Original Assignment Context: Early stage of an arts and humanities course

Materials Needed: Writing samples (given below)

Time Frame: ~1 week


Introduction

In the 1950s, Noam Chomsky influentially proved that finite-state automata with probabilistically weighted edges -- that is, Markov Chains -- cannot be the fundamental system (or "grammar") for language generation in the human brain, and that something rather more sophisticated, something as powerful as his Transformational Generative Grammar, is needed to account for the rich variety and complexity of language. Chomsky maintained his claim that "a finite state Markov process" could not generate all possible English sentences without also generating "many non-sentences as well" (Chomsky 1957, 24) from his original statement in 1957 until recently, consistently rejecting the proposition that a language model based solely on statistical analysis of large amounts of text could generate new sentences that might pass as actual human expression (Norvig 2017). For Chomsky, a probabilistic word-by-word approach to language generation -- asking at each step "what word is most likely to come next?" -- is fundamentally inadequate to the task. Yet everywhere we now see probabilistic approaches to language generation producing impressive results, particularly those using the newly developed machine-language transformers such as the Generative Pre-Trained Transformer (GPT) from the group OpenAI (Brown et al. 2020).

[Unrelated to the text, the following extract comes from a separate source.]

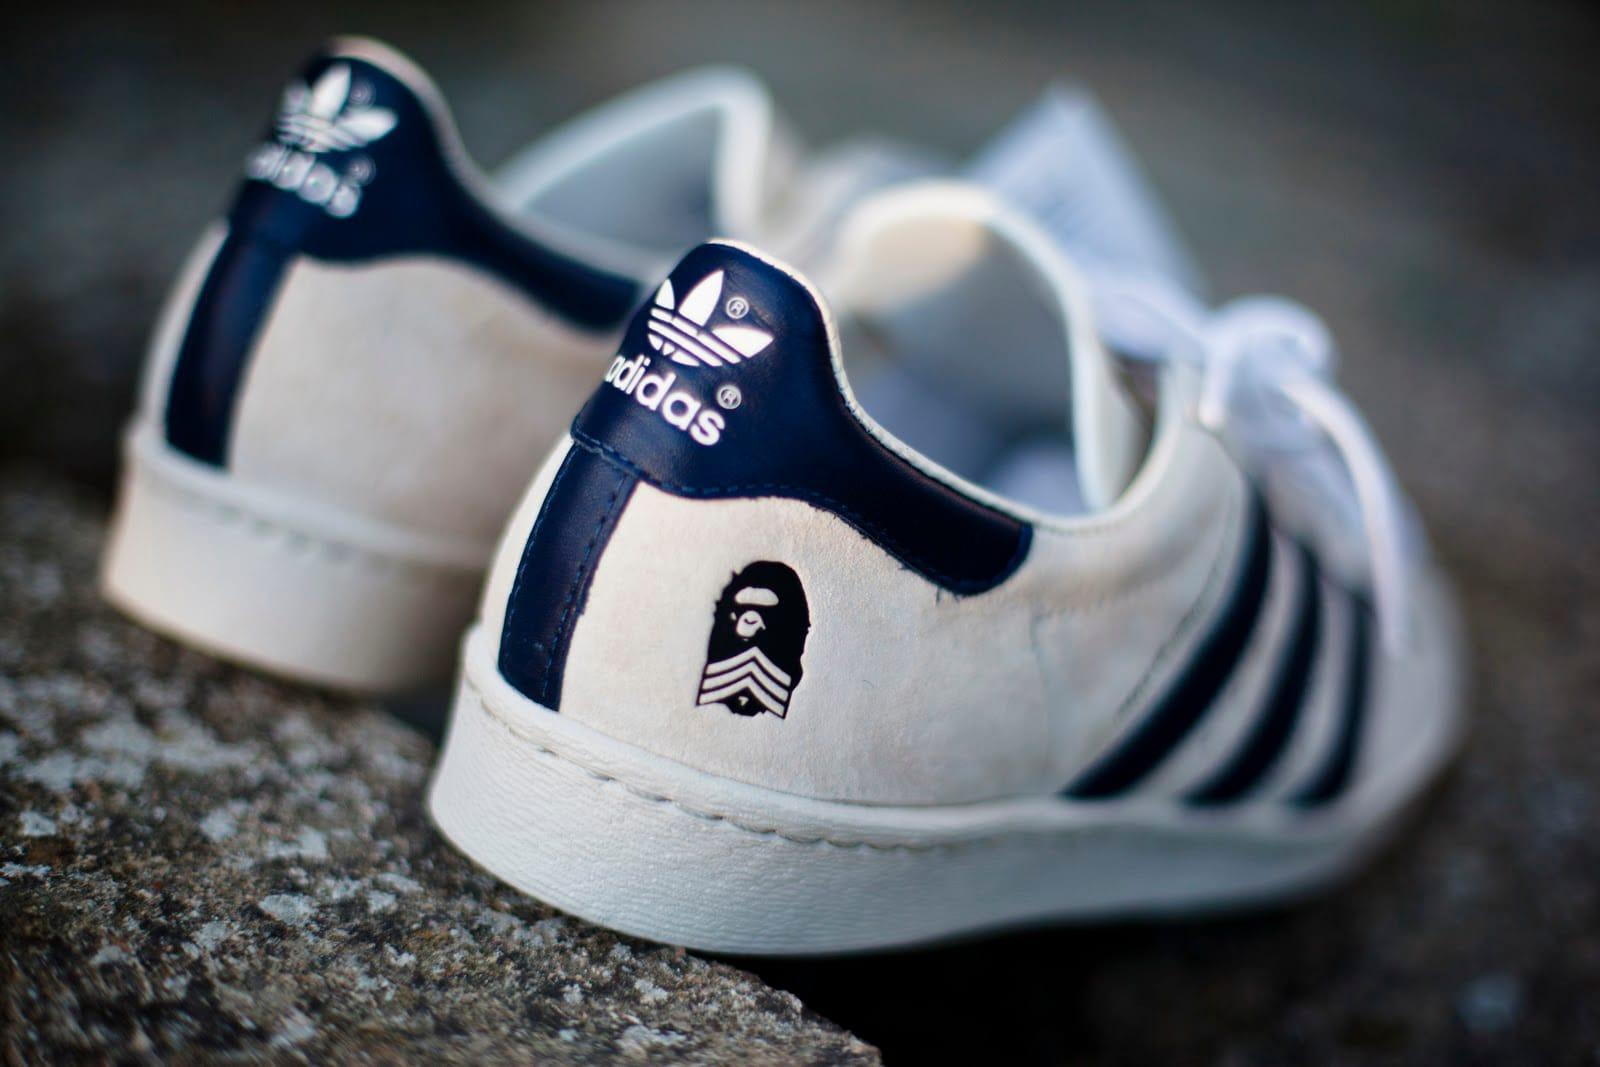 BAPE x adidas Collaborations

For undergraduate students to begin to understand these debates about the nature of language and creativity, some practical experience of how Markov Chains model language is helpful. The assignment presented here was created for Arts and Humanities students with little technical knowledge of either computation or linguistics. The students are given a step-by-step guide, a manually applied algorithm, for generating a Markov Chain from a given short extract of language. The tutor chooses the extracts for their effective rhetorical use of repetition so that the resulting Chains contain loops in which nodes are revisited multiple times in different sequences. The resulting student-created Markov Chains lead to discussion of how we can capture aspects of writers' style, such as the preference for following one particular word with another, in such a Chain. This lays the foundation for discussion of how probabilistic language-generation models work. 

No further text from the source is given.